There was a picture of Taylor, all right, with the headline, “Film Director William Desmond Taylor Murdered - Shot in the Back.” It had happened the night before, but nobody had noticed until his valet arrived that morning to fix his breakfast.

I don’t know what I expected to find, but I left the office and drove out to his place. It’s only ten miles up Wilshire Boulevard from downtown Los Angeles to the west side, but it’s a journey to a different world, leaving the traditional business district and entering the realm of the movies. I had plenty of time to think along the way. Maybe too much time.

I’d met Taylor during the Great War: the one that was supposed to end all wars. We’d both enlisted in the Canadian Army. Two guys who were born in the States, we’d each spent much of our childhood in Great Britain, then left from Los Angeles to do our part to make the word safe for democracy.

He’d told me about his life back in Hollywood and before that, in New York. New York, where the wife and child he’d deserted still lived. From New York he was off to the Klondike gold rush. But he didn’t strike it rich, and wound up performing in a theater group in Alaska. But that was good experience for when he made it to Hollywood.

Once he got here he met up with Thomas Ince, and got some acting parts. Ince put him in three films he was making back in 1913. Before long Taylor tired of acting and became a director, figured he’d make more money that way. After shooting “Johanna Enlists” with Mary Pickford, he enlisted himself.

Then in 1919 the war was over, and we were both back in Los Angeles. I was downtown working in the petroleum industry, and he was on the west side, making movies. We’d talk once in a while, and have a drink. That’s what army buddies do. They drink and smoke and talk about old times. Then they go home and try to forget.

I pulled up in front of the Alvarado Court Apartments and readied myself to enter the scene of the crime. There were cars all around, and not all of them police issue. I saw a face I recognized and casually walked up to him, lighting a cigarette. “Terrible thing, ain’t it?”
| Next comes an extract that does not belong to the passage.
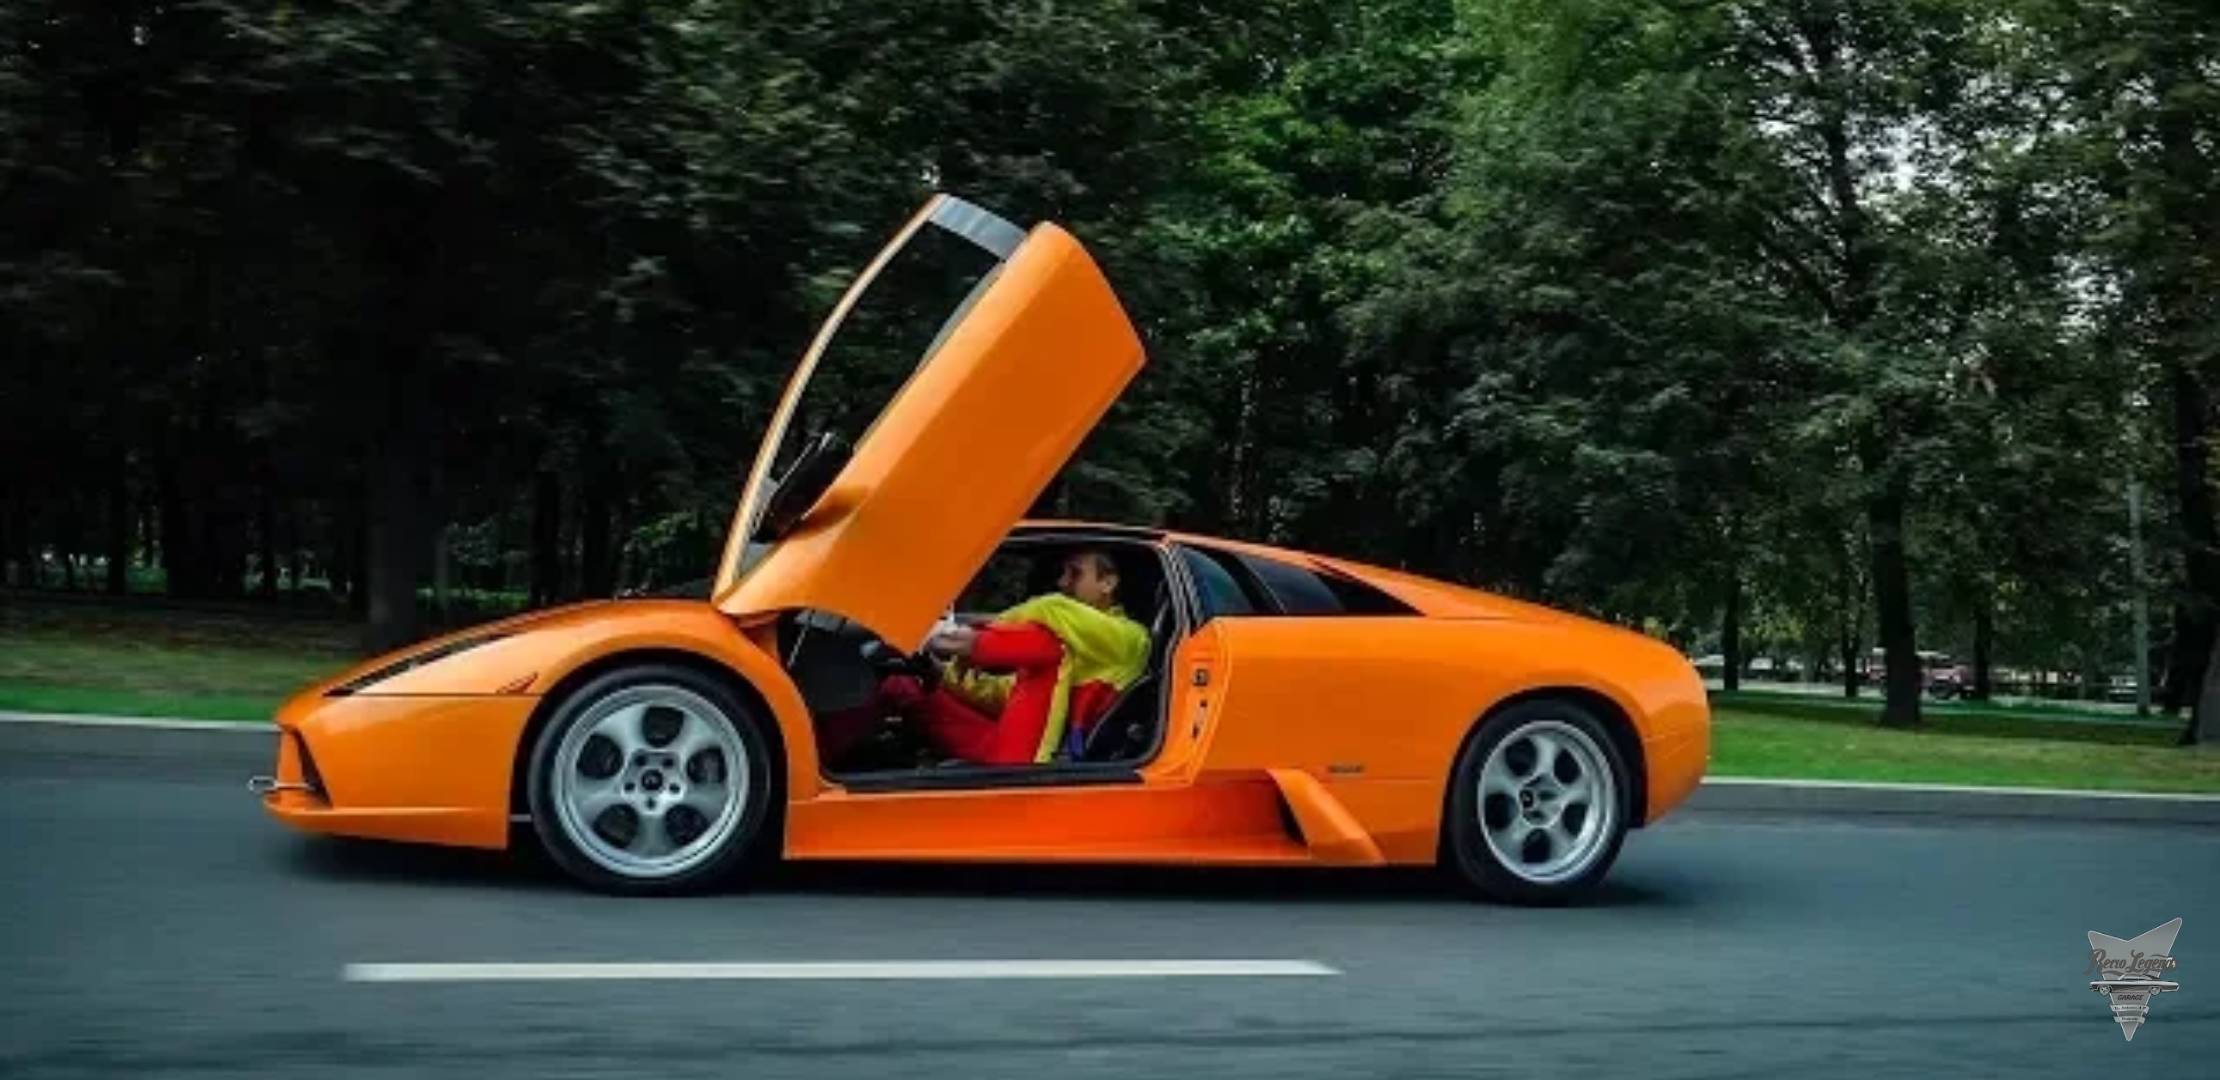 Анонс видео-теста Lamborghini Murcielago. Как достичь звука формулы 1 !?
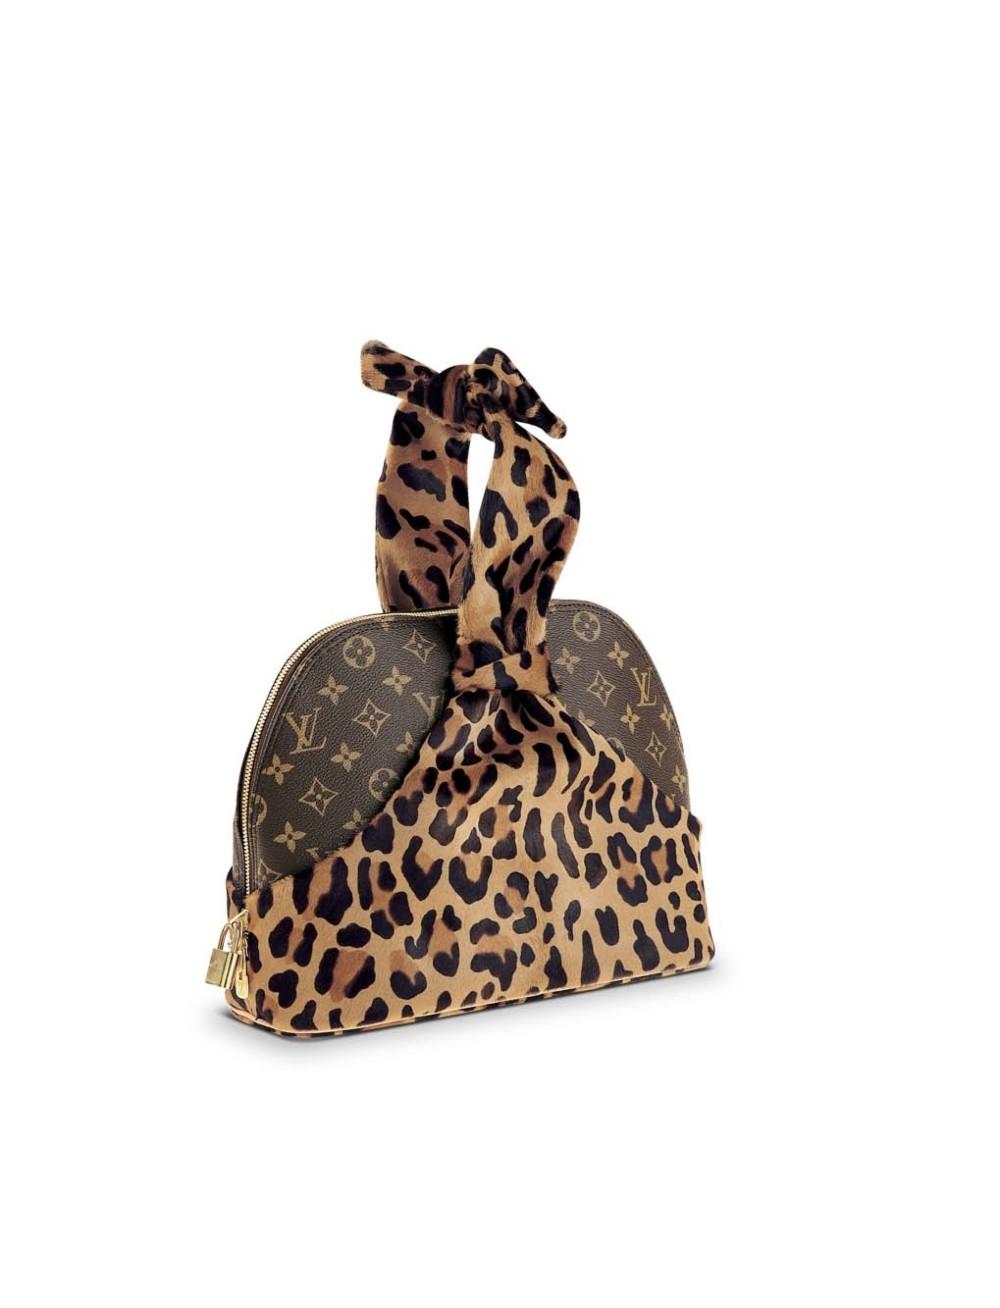 Louis Vuitton, Bags, Louis Vuitton Extremely Rare Bag

“Yeah,” he said, still looking off towards the apartment, then nervously added, “Do I know you?”

“We’ve met. I’m a friend of Taylor’s. Or, was a friend. How about you?”

“Friend, I suppose. And neighbor. I live across the courtyard from him. I worked for him, too. He put me in a couple of his pictures.” Then he turned to me and for a moment put on his public smile. “I’m Douglas MacLean.”

“Yeah,” I said. “That’s why I know you. Taylor put you in ‘Captain Kidd, Jr.’, right?”

“That,” he said. Then, looking back towards the apartment, “And ‘Johanna Enlists’.”

“Not exactly starring roles, were they?”

His tone was raised as he said, “I’ve had starring roles, all right. Ince stars me in a lot of pictures. Just Taylor who gave me bit parts.” He paused a minute, and then calmly added, “But I didn’t kill him, if that’s what you’re thinking.”

“Hey, buddy,” I said, “no need to get so defensive. I’m not the law. I’m just a friend looking for some answers. Were you around when it happened?”

“My wife and I heard it. It was a little after eight, we looked out the window and saw somebody leaving the apartment, but we didn’t know what it was until this morning. Thought it might have been a car back-firing.”

“Strange thing,” I said. “A car back-firing in somebody’s living room.”

I suddenly lost the desire to talk to Douglas MacLean and made my up the path to the apartment. Once inside I found a man re-arranging items on the desk and on the mantle. Putting out signed pictures of movie stars, taking away what looked to be love letters. I introduced myself and asked, “Are you the officer in charge?”

He looked at me as if I were crazy, then burst out laughing. “No, I’m Charles Eyton. I’m with the studio. Famous Players-Lasky.” He went back to his work, as if dressing the set for a movie shoot. “‘Officer in charge,’ that’s rich!”

“Say, friend,” I asked him, “are you sure you want to be moving all those things around? I hear the police like to keep a crime scene pretty much as it happened.”

“Look, friend,” he said to me, only he dragged out “friend” to about three syllables in a way that let me know he was anything but my friend, “I’m just doing my job here. Why don’t you go on about your business too?”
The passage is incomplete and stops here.